Well, we'll talk about those issues. My guests are Horst Simon, editor for the Top500. He's also deputy lab director at the Lawrence Berkeley National Lab in Berkeley, California. Rick Stevens, associate lab director for computing, environment and life science research at Argonne National Lab, that's just outside of Chicago. He's also professor of computer science at the University of Chicago. Welcome, gentlemen, welcome to SCIENCE FRIDAY.

HORST SIMON: Good morning.

RICK STEVENS: Good morning Ira.

FLATOW: What is - good morning. Tell me what is so important about having the fastest computer.

SIMON: I think it's a symbolic value. It has, of course, some real practical applications, but it is indeed a race, and a lot of countries are in the race because it shows on a certain object scale intellectual prowess and where a country is at. But beyond that I think beyond this symbolic value there is some real technological know-how that is required to get there. And so therefore the Chinese accomplishment of being number one again, the second time, is really significant.

And I think right now the second time that (unintelligible), Milky Way 2, is on the number one spot is even more significant than the first time around because the Chinese have demonstrated not only that they are in this race for the long term, but they have in the new system added a number of technologies that are domestically homegrown technologies that show us that they have made significant progress to be in that race.

FLATOW: They are using Intel processors, correct?

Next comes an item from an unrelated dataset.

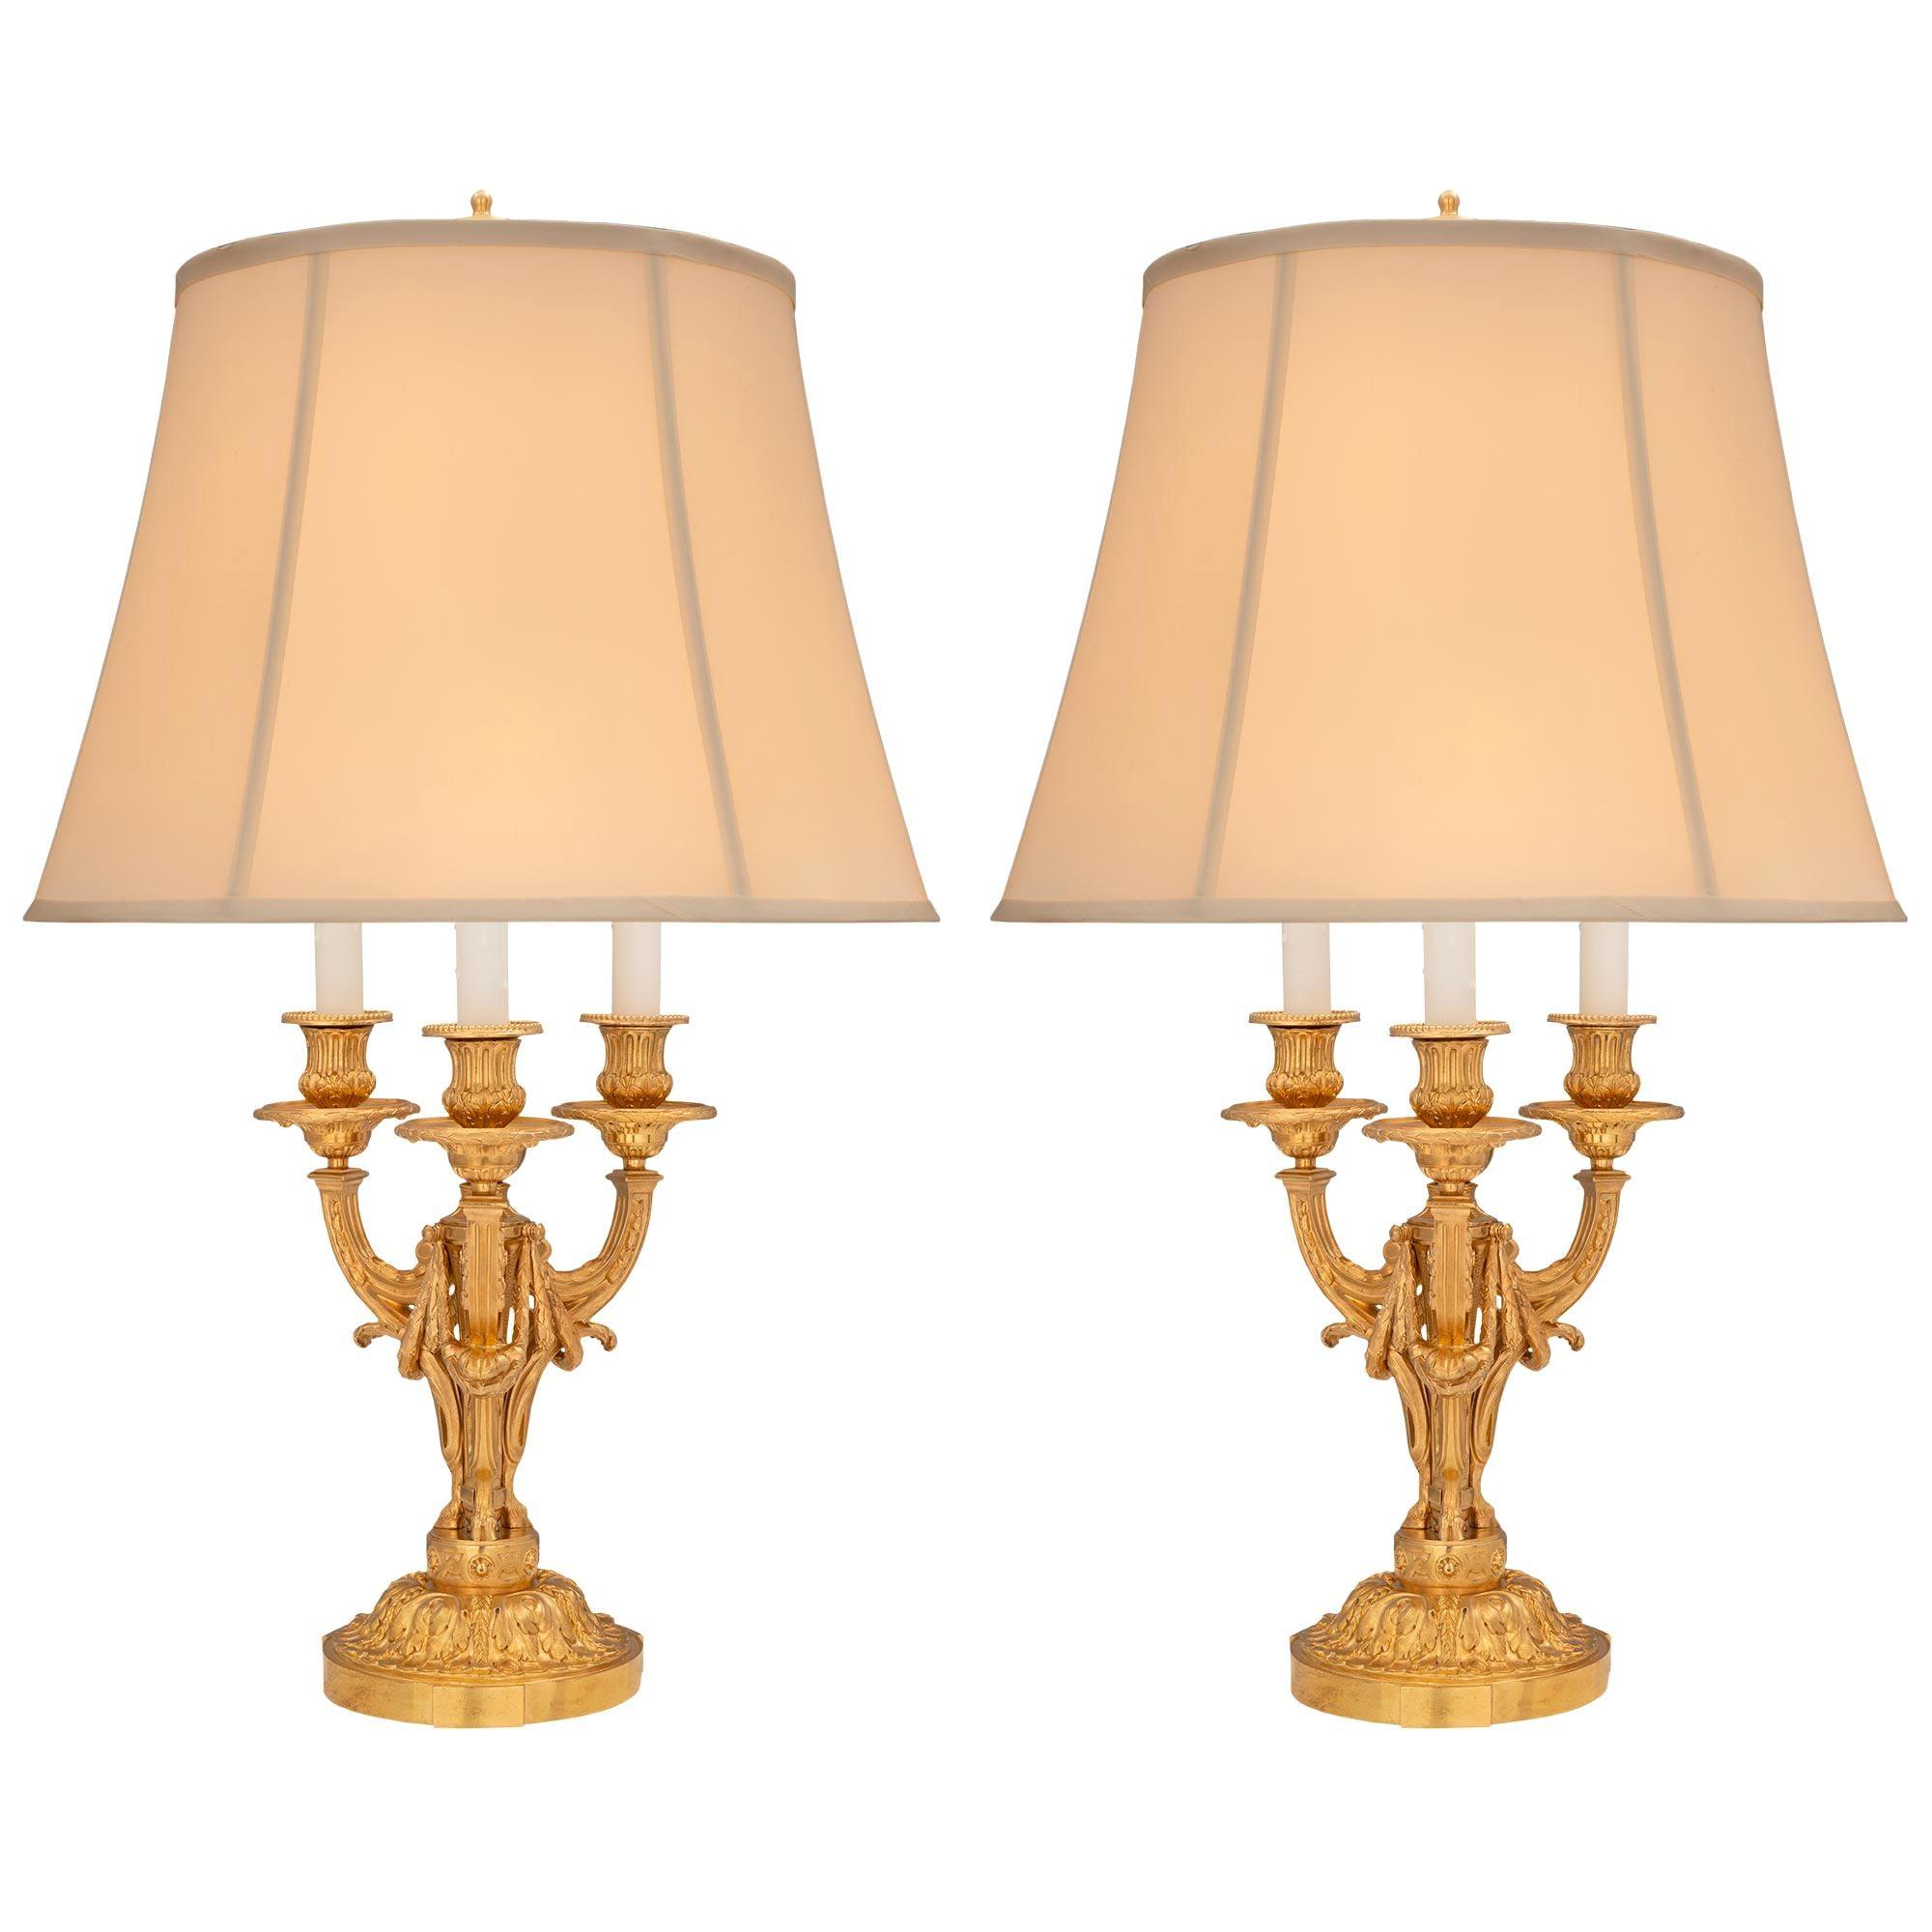 Pair of French 19th Century Louis XVI St. Belle Époque Period Ormolu Lamps

SIMON: That is correct. They're using Intel processors and also the Intel accelerators, the (unintelligible) technology. But what is important to notice is that the software system is all homegrown. They have their own Linux-type operating system, Kylin Linux, they have developed program languages, implemented them on the system. Tools, they've built their own interconnect technology. They've built their own front-end processors.

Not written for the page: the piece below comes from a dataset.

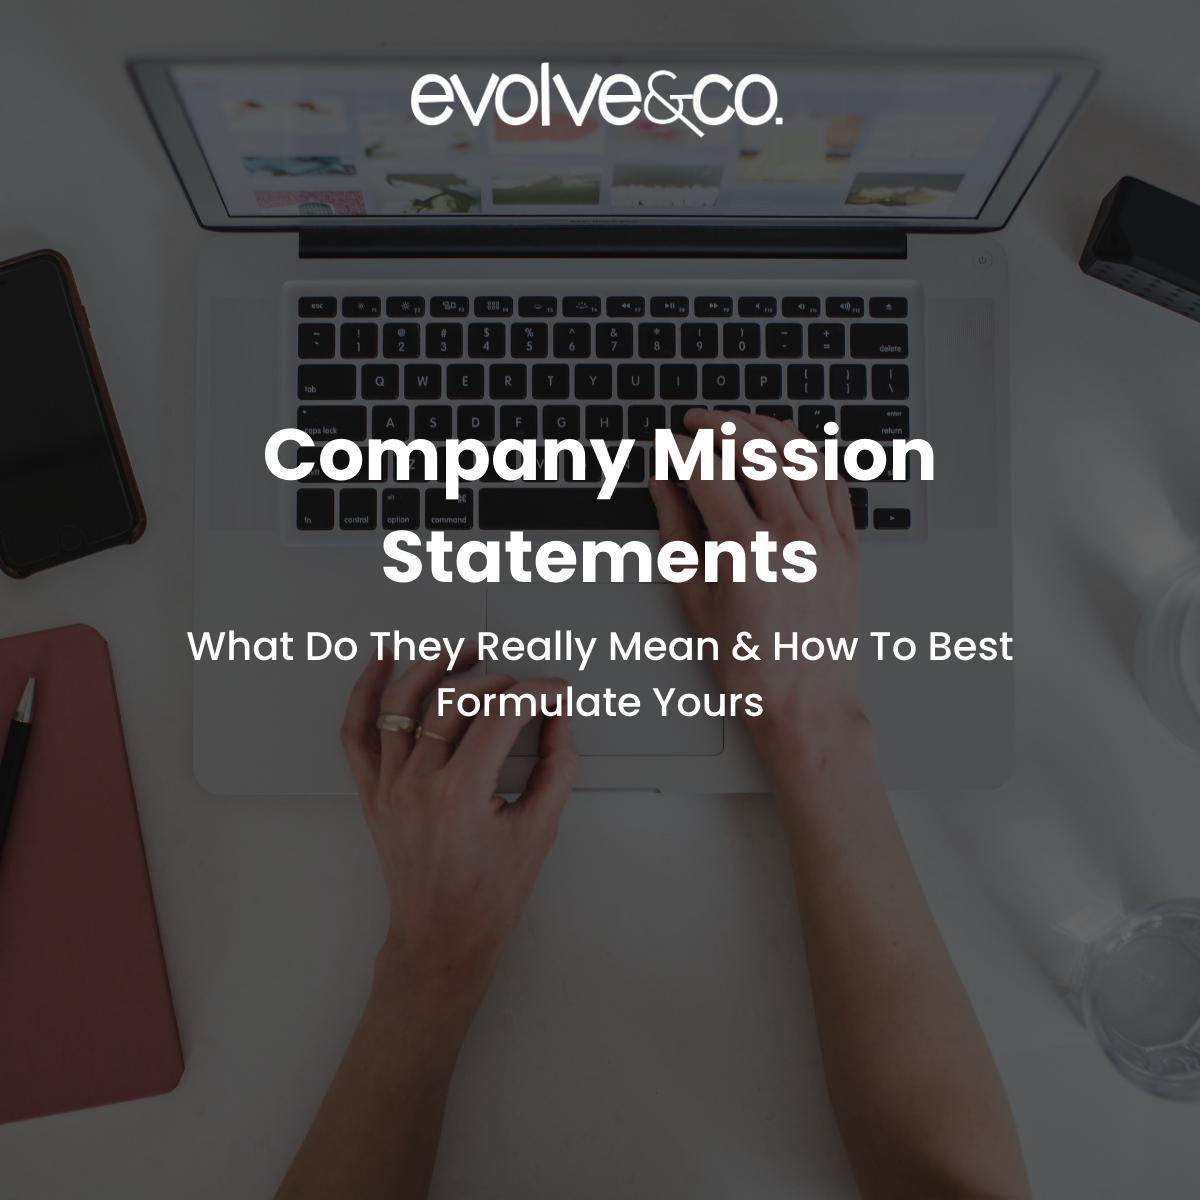 Company Mission Statements

So it's just like except the computational engine, this is a genuine Chinese system. And the reason everybody's concerned about this is that the next step will be to replace the Intel processors with something that maybe in two or three years is also domestically in China produced. So that's why this is a big step forward.

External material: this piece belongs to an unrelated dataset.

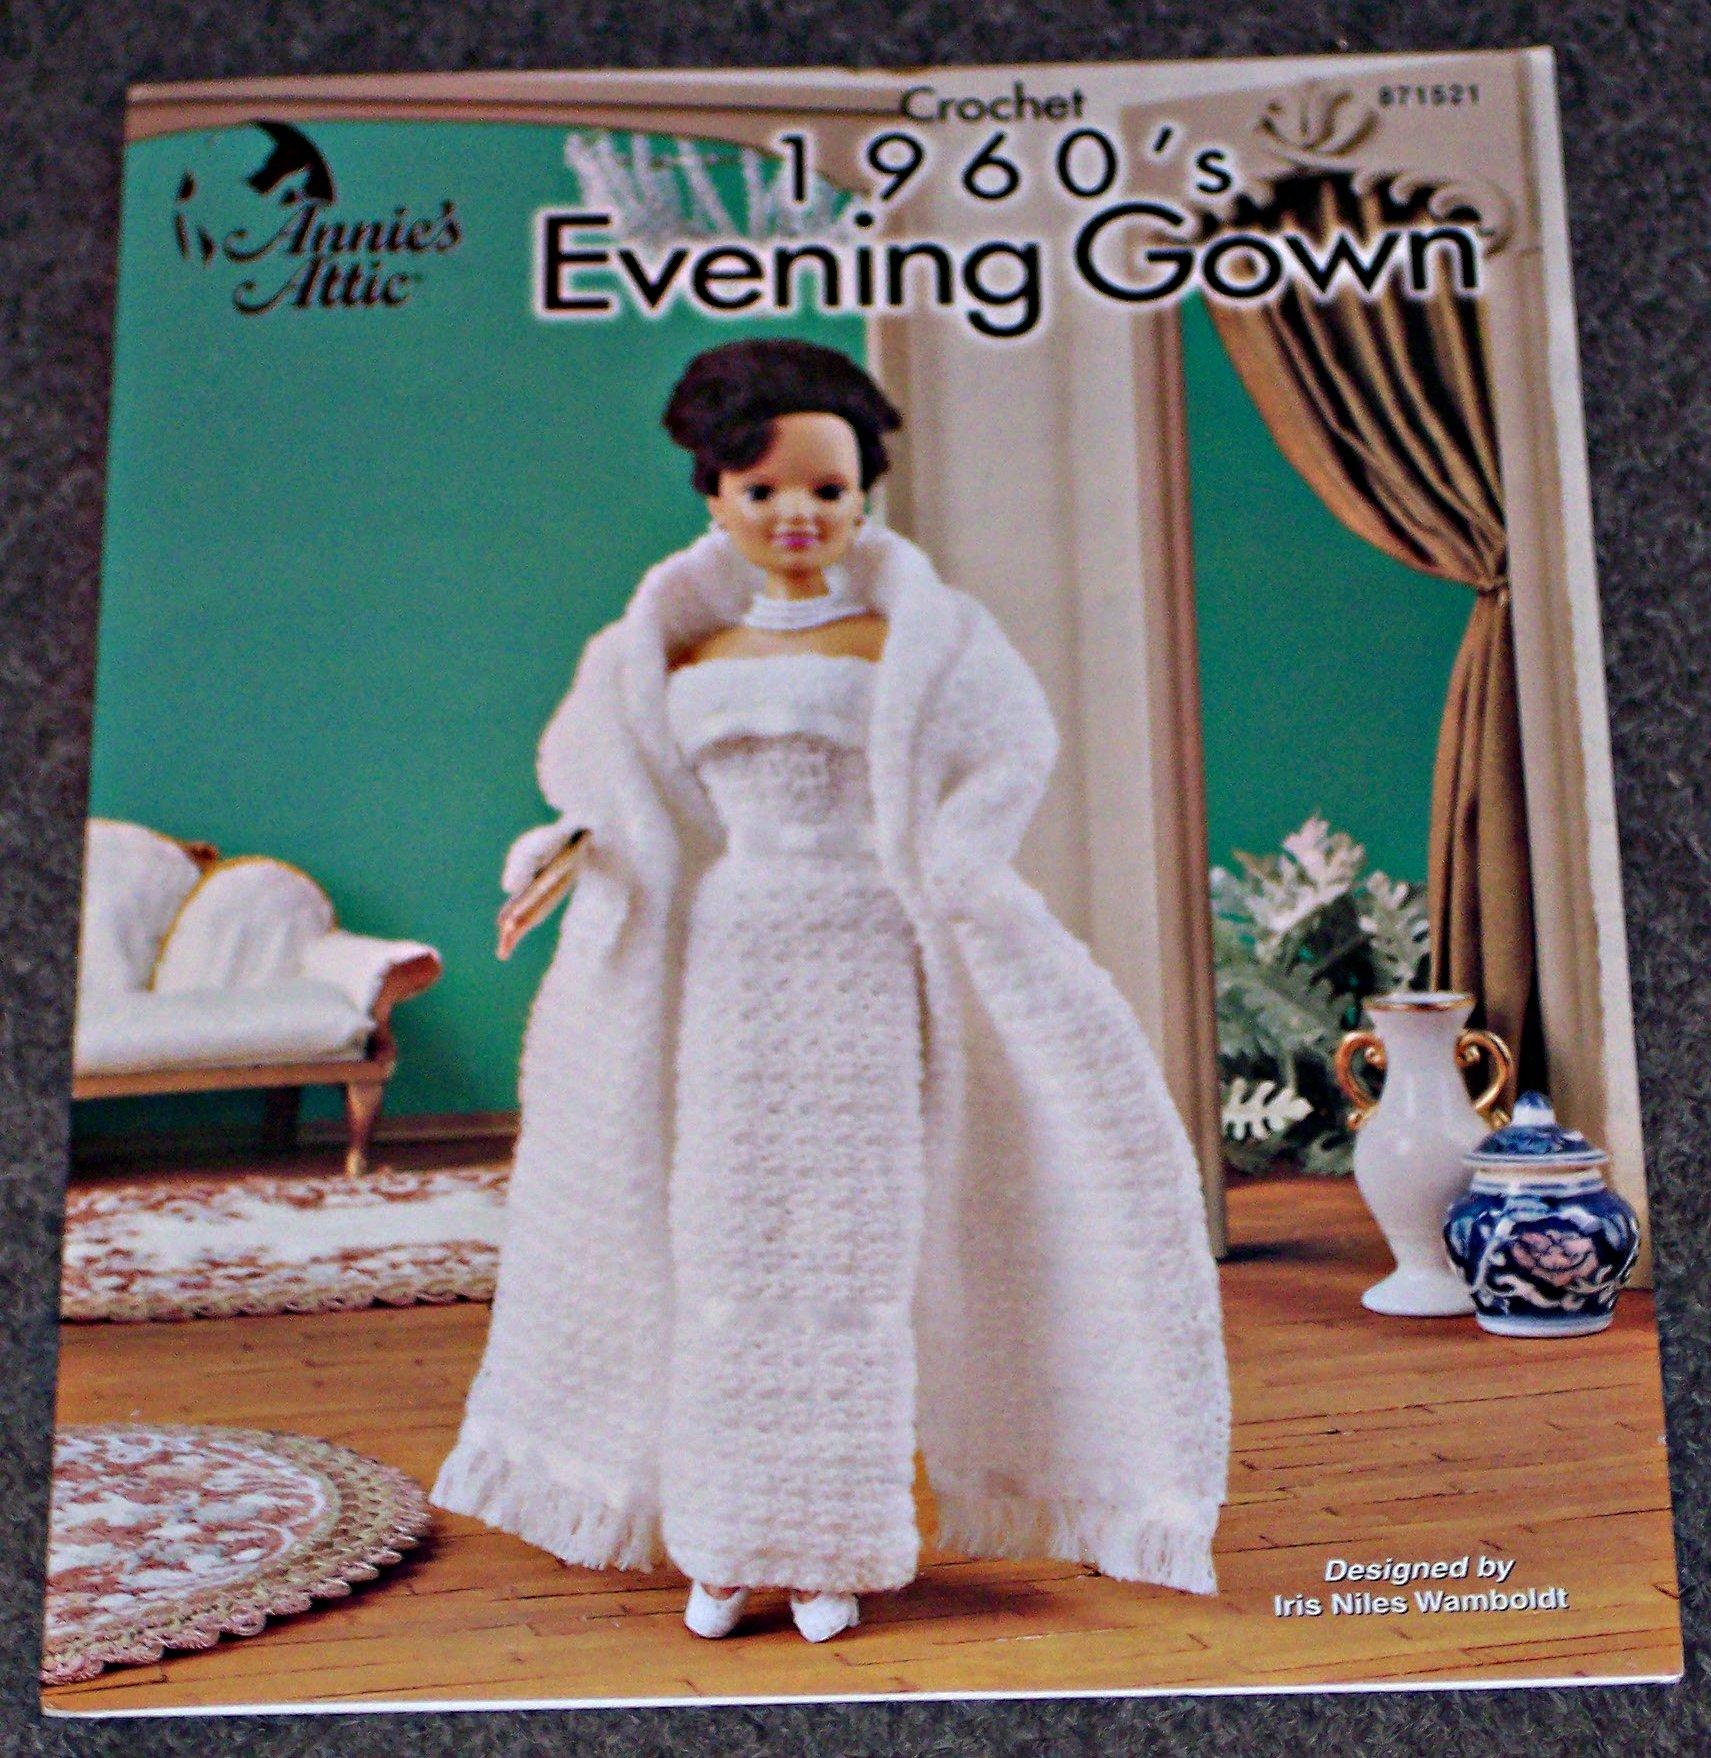 Crochet 1960\'s Evening Gown (871521) Designed by Iris Niles Wanboldt ...

FLATOW: Rick, you work at Argonne National Labs, where the supercomputer Mira lives. That's number five on the most recent list.

STEVENS: It's number five right now. It debuted at number three and then moved down the list. What's interesting...

FLATOW: Were you surprised - let me just ask you, were you surprised that the Chinese took the lead on this?

STEVENS: No I wasn't surprised because we had been watching them quite carefully over the last five or six years. And they were not at all secretive about their intent to build this class of machine.

FLATOW: And you have to invest money to do this, do you not?

STEVENS: Yeah, they're investing quite a lot. This machine is - we don't know the number exactly, but we estimate it's about twice as expensive as the machines that we've deployed so far.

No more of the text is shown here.